▶ WHAT TO WORK ON:
Return the tail of the records exactly, starting from the line containing "Der Corythomantis greeningi" and ending with the final line.

▶ DATA FOR THE TASK:
* * * * * * *
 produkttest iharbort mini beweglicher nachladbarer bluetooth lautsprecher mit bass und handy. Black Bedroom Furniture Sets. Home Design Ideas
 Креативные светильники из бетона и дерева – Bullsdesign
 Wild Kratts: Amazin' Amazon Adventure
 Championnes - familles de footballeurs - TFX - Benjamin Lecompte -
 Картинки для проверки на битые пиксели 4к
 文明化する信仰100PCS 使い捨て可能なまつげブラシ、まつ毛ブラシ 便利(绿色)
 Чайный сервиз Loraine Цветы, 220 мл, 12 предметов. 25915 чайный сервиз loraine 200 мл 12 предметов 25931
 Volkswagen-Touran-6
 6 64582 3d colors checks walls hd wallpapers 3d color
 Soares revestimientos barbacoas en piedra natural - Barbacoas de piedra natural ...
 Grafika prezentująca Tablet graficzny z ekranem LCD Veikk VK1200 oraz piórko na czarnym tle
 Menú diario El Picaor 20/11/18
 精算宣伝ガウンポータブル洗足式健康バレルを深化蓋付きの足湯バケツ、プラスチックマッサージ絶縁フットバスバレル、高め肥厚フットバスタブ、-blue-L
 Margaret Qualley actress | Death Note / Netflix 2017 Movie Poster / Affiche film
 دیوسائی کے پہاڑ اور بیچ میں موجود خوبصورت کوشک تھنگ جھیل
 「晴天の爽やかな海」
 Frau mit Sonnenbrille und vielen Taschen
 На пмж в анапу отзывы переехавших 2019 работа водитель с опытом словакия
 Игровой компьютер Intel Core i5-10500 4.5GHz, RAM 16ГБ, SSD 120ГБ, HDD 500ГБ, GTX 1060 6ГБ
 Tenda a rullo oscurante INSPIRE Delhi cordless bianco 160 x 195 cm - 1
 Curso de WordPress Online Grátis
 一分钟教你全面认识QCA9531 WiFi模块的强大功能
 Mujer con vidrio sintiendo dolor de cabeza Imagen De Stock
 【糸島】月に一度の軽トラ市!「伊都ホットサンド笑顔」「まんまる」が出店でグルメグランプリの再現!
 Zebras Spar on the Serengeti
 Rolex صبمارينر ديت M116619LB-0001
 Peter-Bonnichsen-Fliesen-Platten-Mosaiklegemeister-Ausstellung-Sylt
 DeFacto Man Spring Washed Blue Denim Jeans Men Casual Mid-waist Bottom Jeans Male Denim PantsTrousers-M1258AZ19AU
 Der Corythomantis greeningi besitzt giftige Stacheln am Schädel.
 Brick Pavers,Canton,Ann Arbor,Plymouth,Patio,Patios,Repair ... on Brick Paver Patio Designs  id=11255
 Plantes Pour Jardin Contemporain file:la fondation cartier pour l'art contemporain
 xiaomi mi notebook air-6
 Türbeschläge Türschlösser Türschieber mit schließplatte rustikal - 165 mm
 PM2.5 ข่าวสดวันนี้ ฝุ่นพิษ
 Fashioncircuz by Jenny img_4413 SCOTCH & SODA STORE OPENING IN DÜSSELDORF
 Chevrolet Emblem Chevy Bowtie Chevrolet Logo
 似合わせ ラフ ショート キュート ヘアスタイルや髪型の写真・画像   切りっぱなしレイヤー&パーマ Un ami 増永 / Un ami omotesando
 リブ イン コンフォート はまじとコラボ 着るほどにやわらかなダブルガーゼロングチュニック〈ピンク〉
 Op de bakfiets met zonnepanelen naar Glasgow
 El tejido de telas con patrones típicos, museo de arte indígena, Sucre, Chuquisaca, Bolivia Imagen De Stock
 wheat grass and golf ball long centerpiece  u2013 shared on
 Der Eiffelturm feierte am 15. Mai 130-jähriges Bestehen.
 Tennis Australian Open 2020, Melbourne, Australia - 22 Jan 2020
* * * * * * *
▶ RESPONSE AREA:
 Der Corythomantis greeningi besitzt giftige Stacheln am Schädel.
 Brick Pavers,Canton,Ann Arbor,Plymouth,Patio,Patios,Repair ... on Brick Paver Patio Designs  id=11255
 Plantes Pour Jardin Contemporain file:la fondation cartier pour l'art contemporain
 xiaomi mi notebook air-6
 Türbeschläge Türschlösser Türschieber mit schließplatte rustikal - 165 mm
 PM2.5 ข่าวสดวันนี้ ฝุ่นพิษ
 Fashioncircuz by Jenny img_4413 SCOTCH & SODA STORE OPENING IN DÜSSELDORF
 Chevrolet Emblem Chevy Bowtie Chevrolet Logo
 似合わせ ラフ ショート キュート ヘアスタイルや髪型の写真・画像   切りっぱなしレイヤー&パーマ Un ami 増永 / Un ami omotesando
 リブ イン コンフォート はまじとコラボ 着るほどにやわらかなダブルガーゼロングチュニック〈ピンク〉
 Op de bakfiets met zonnepanelen naar Glasgow
 El tejido de telas con patrones típicos, museo de arte indígena, Sucre, Chuquisaca, Bolivia Imagen De Stock
 wheat grass and golf ball long centerpiece  u2013 shared on
 Der Eiffelturm feierte am 15. Mai 130-jähriges Bestehen.
 Tennis Australian Open 2020, Melbourne, Australia - 22 Jan 2020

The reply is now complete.